Orforglipron Beats Semaglutide in 1,698-Adult Trial as Side Effects Hit 59%
Updated
Updated · LADbible · Jul 8
Orforglipron Beats Semaglutide in 1,698-Adult Trial as Side Effects Hit 59%
3 articles · Updated · LADbible · Jul 8
Summary
A 52-week phase 3 trial in 1,698 adults with type 2 diabetes found Eli Lilly's oral GLP-1 orforglipron cut HbA1c by 1.71%-1.91%, versus 1.47% for oral semaglutide.
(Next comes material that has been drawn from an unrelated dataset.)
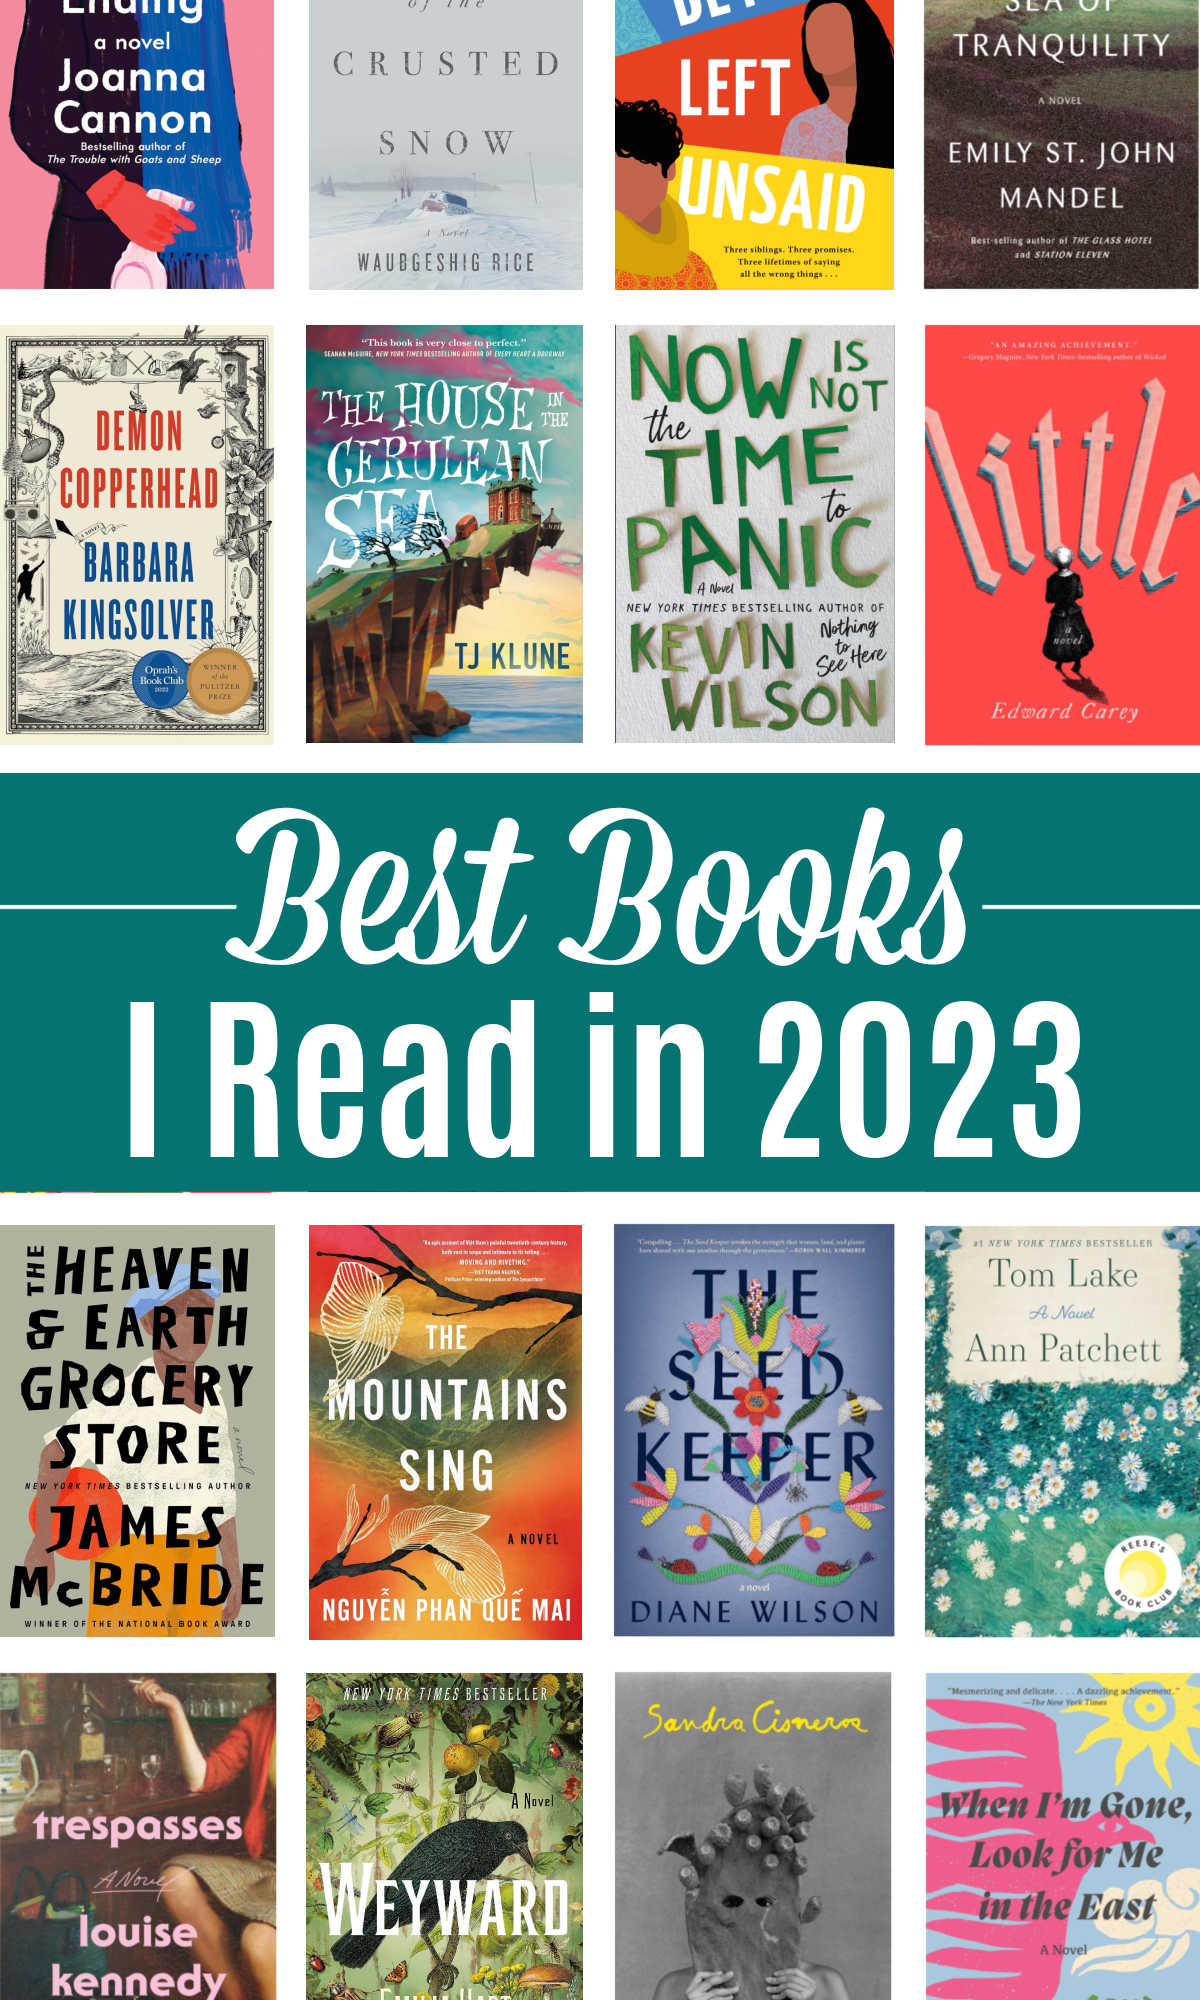 My Favorite Books from 2023

Weight loss also favored orforglipron at 6.1kg-8.2kg, compared with 5.3kg for semaglutide, from a baseline HbA1c of 8.3%.
The stronger efficacy came with more gastrointestinal problems: 59% of orforglipron patients reported nausea, vomiting, diarrhea or constipation, versus 37%-45% on semaglutide, and 10% discontinued treatment versus 4%-5%.
Foundayo, the brand name for orforglipron, won FDA approval in April 2026, and Lilly has already submitted it to the UK's MHRA for review.
If cleared, UK private access could begin by late 2026, while NHS availability is seen no earlier than 2027; obesity-only trials are still ongoing.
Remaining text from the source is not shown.